In order to achieve the purpose, the technical scheme of the invention is realized as follows:

a device for evaluating gas production rate in a soft-package battery cell pre-charging process based on three-dimensional laser scanning comprises a three-dimensional scanner and a soft-package battery cell clamp;

soft-packaged electrical core anchor clamps are for having the mechanical fixture of flexible function, and the flexible orbit department at soft-packaged electrical core anchor clamps is established to electric core pre-charging groove, and three-dimensional scanner arranges soft-packaged electrical core anchor clamps one side in and can scan this soft-packaged electrical core anchor clamps position department.

A method for evaluating gas production rate of a soft package battery cell in a pre-charging process based on three-dimensional laser scanning comprises the following specific steps:

acquiring a three-dimensional space coordinate of a soft package battery cell to be evaluated through a three-dimensional scanner, extracting object surface information by using a Delaunay triangulation network method, and reconstructing a three-dimensional curved surface effect graph M;

step two, dividing the three-dimensional curved surface effect graph M reconstructed in the step one into N small cubes, calculating the volume of each small cube to obtain a volume Vi, and finally obtaining the total volume Vm of the soft package battery cell through superposition of the divided volumes;

the small three-dimensional scanner not only measures the volume of the soft package battery, but also is used for evaluating the appearance of the soft package battery core.

Thirdly, calculating the flatness tolerance of the reconstructed three-dimensional curved surface effect graph M of the soft package cell to be evaluated through the curved surface, finding out the sharp change in a small range on the surface of the soft package cell, and if the sharp change exceeds 1-3%, regarding the soft package cell as an unqualified soft package cell and not performing the subsequent evaluation step;

step four, pre-charging the soft-package battery cell to be evaluated, and then obtaining the total volume Vn of the soft-package battery cell by using the methods in the step one and the step two;

and step five, obtaining the gas yield Vn-Vm of the pre-charged soft-package battery cell.
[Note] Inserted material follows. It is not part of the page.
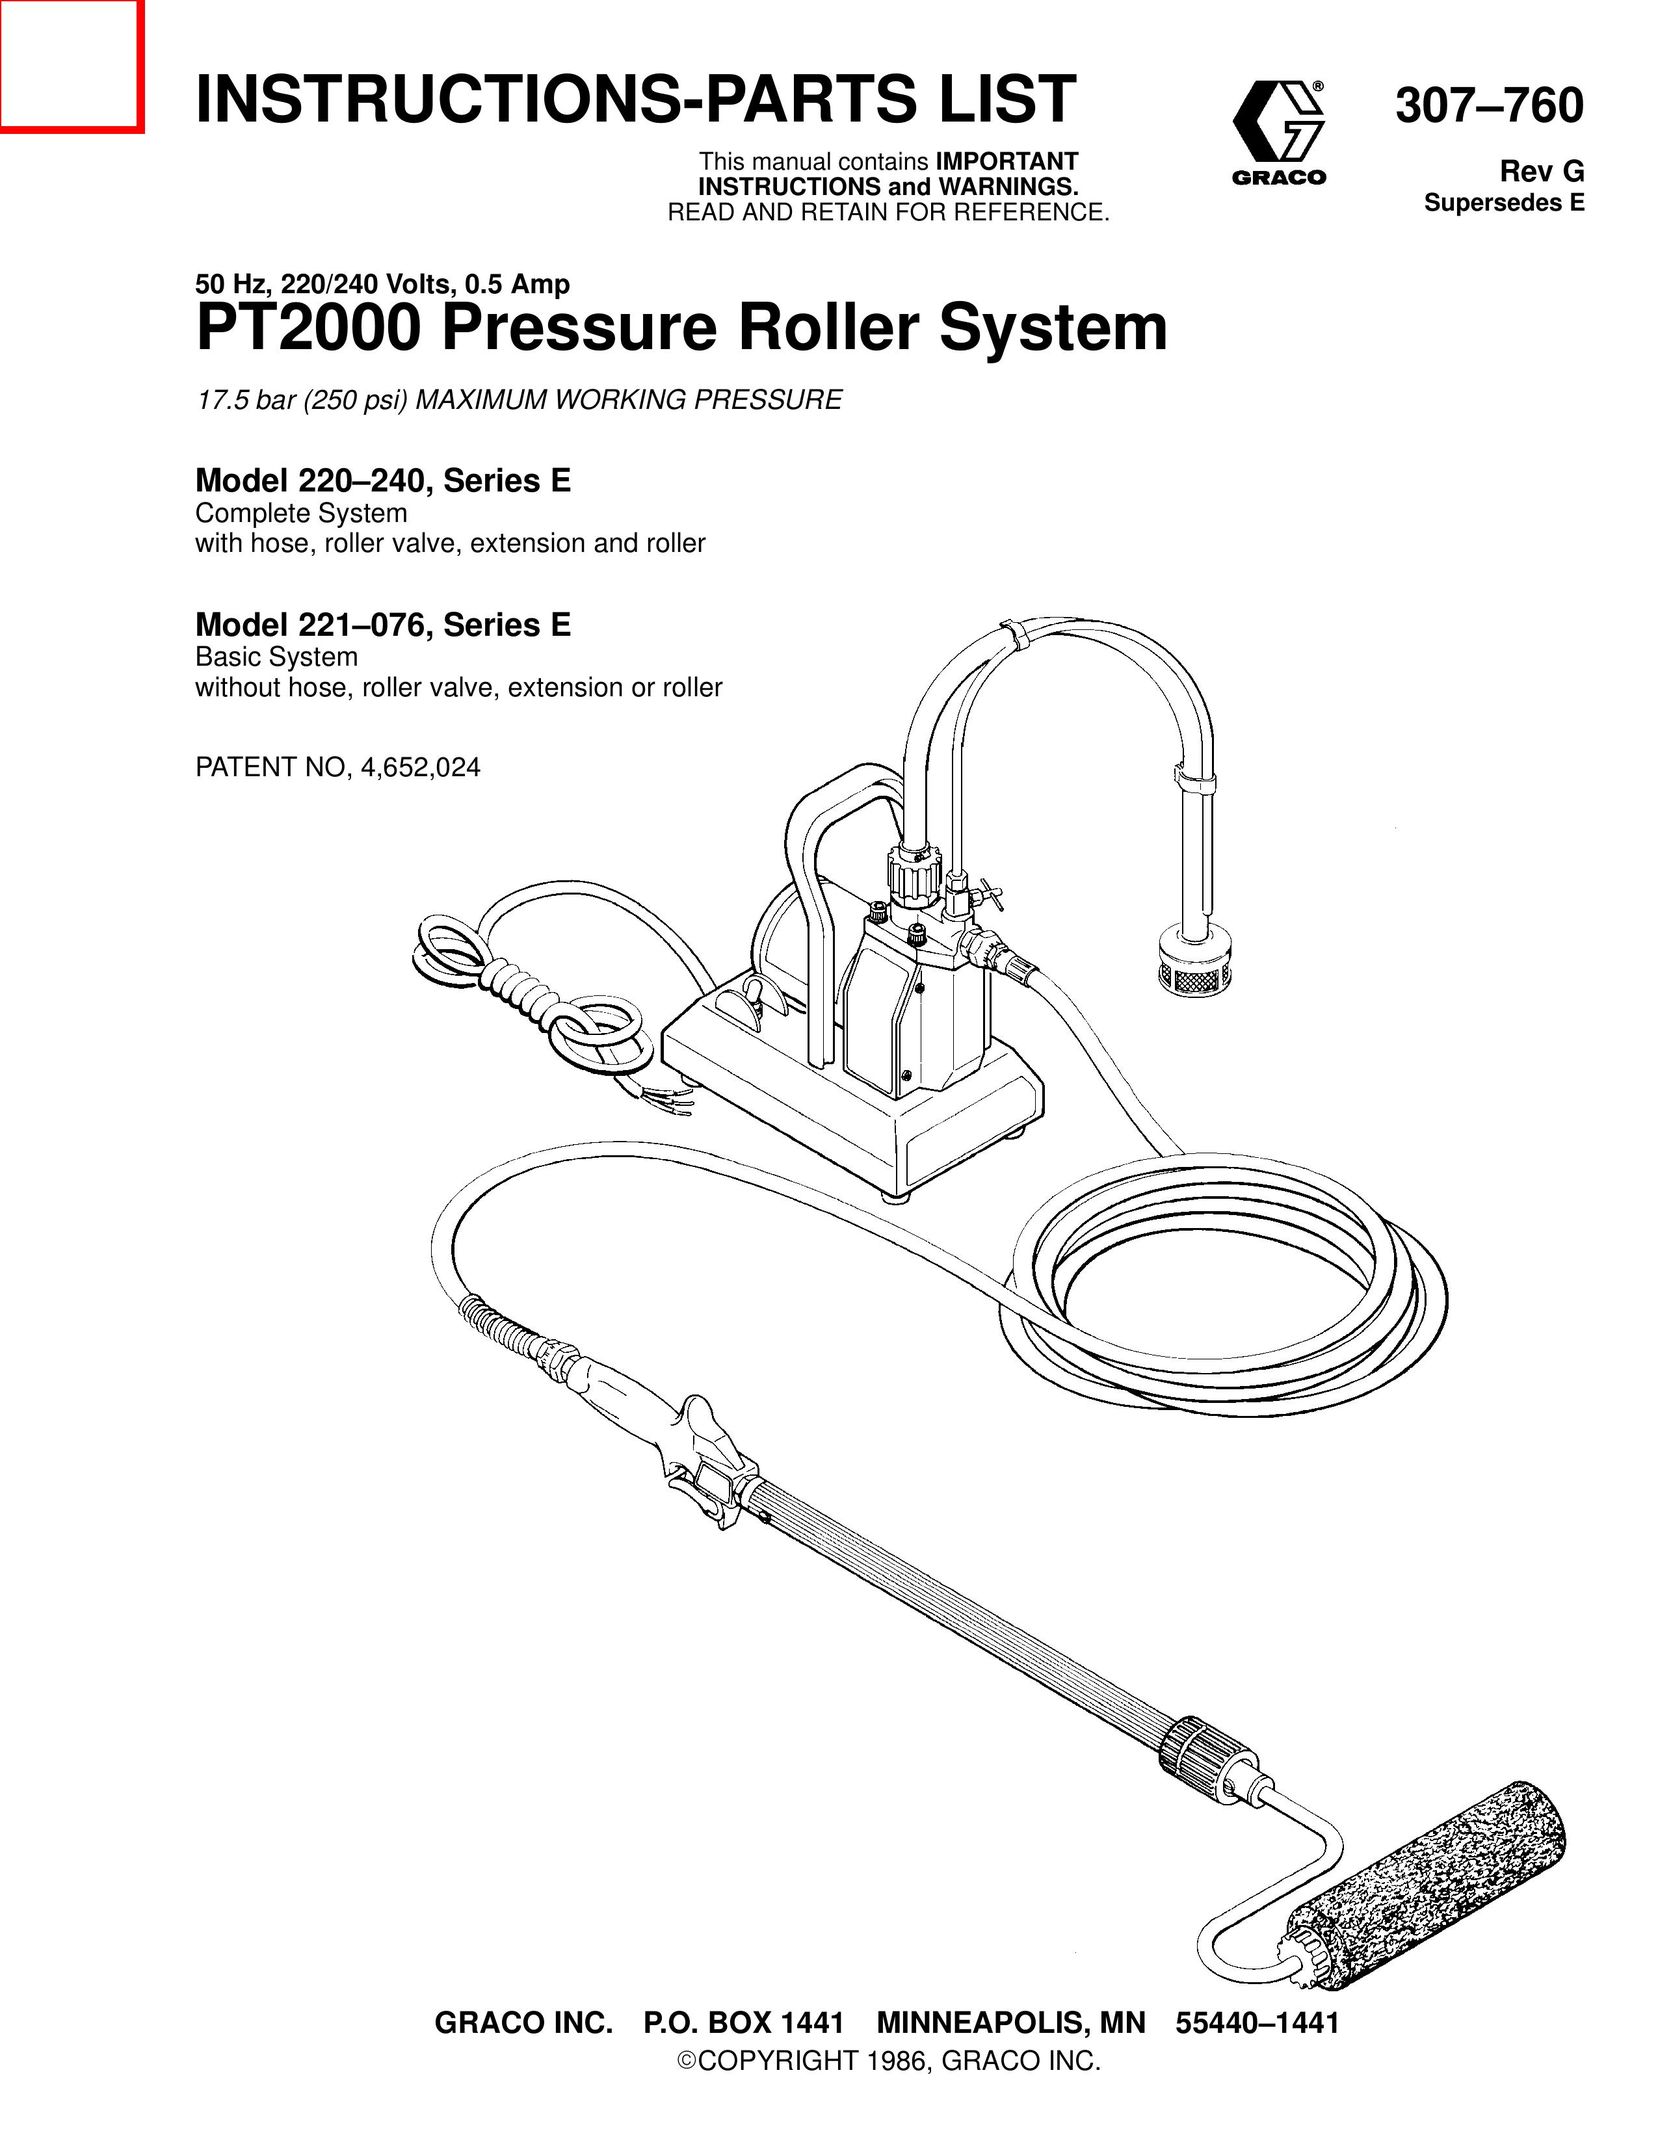 Graco Inc. 220240 Power Roller User Manual

And furthermore, giving a corresponding identification code to the surface of the soft-package battery cell to be evaluated in the step one, firstly scanning the identification code by using a three-dimensional scanner, giving a unique identity mark record to the soft-package battery cell, then scanning the form of the soft-package battery cell, and correspondingly recording the gas yield of the soft-package battery cell obtained in the step five and the unique identity mark of the soft-package battery cell.

Further, in the step one, a middle seal line of the soft-package battery core is used as a reference, the soft-package battery core is divided into two working faces by the reference, the three-dimensional scanner respectively scans the two working faces, and scanning information of the two working faces is spliced to obtain a three-dimensional space coordinate of the soft-package battery core.
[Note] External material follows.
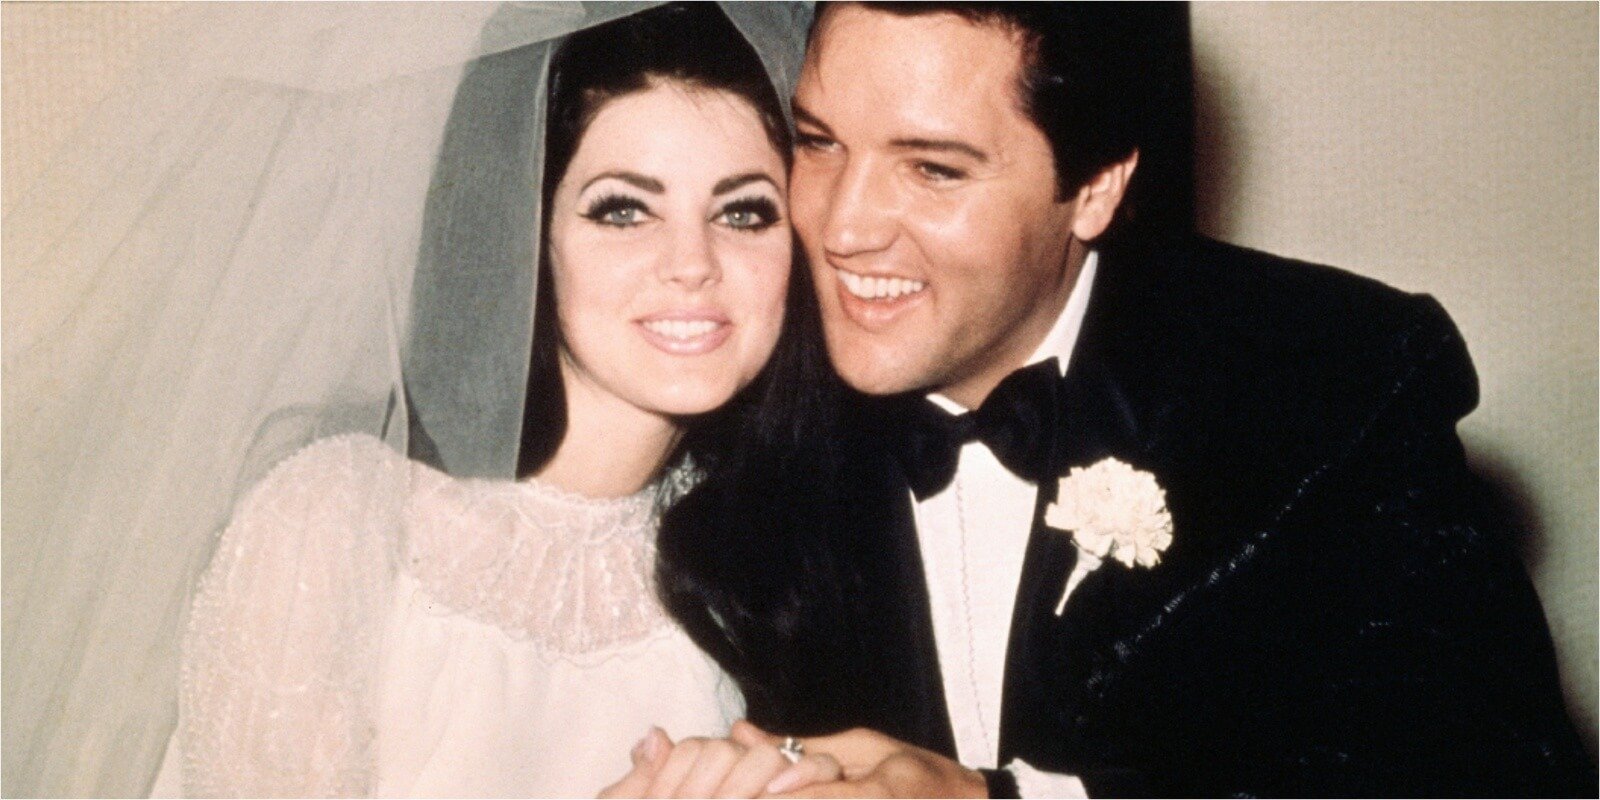 Priscilla Presley and Elvis Presley on their wedding day in 1967.

When a code is printed on one working face, the other working face does not have the code, the faces with the code and the faces without the code are respectively scanned, and the scanning information is combined to form the three-dimensional structure of the whole soft package battery cell.

And furthermore, the volume of each small cube in the second step is obtained in a mode that a triangle obtained by a Delaunay triangulation network method is projected by taking a middle seal line of the soft package battery cell as a reference surface, and the volume Vi of a single cube is calculated by utilizing a Helen formula and a projection point height coordinate.

Further, adding deformation evaluation into the screening conditions of the unqualified soft-packaged battery cell in the step three, wherein the relation between the deformation evaluation and the sharp change evaluation standard is equal to or;

the deformation evaluation method comprises the steps of selecting a soft-package battery cell as a standard soft-package battery cell, obtaining a total volume Vb and a triangular network normal dimension curved surface effect graph B of the standard soft-package battery cell by utilizing the modes of the first step and the second step, fitting and comparing the triangular network normal dimension curved surface effect graph M of the soft-package battery cell to be evaluated with the triangular network normal dimension curved surface effect graph B, and judging the soft-package battery cell as an unqualified soft-package battery cell when the fitting deviation exceeds 2%.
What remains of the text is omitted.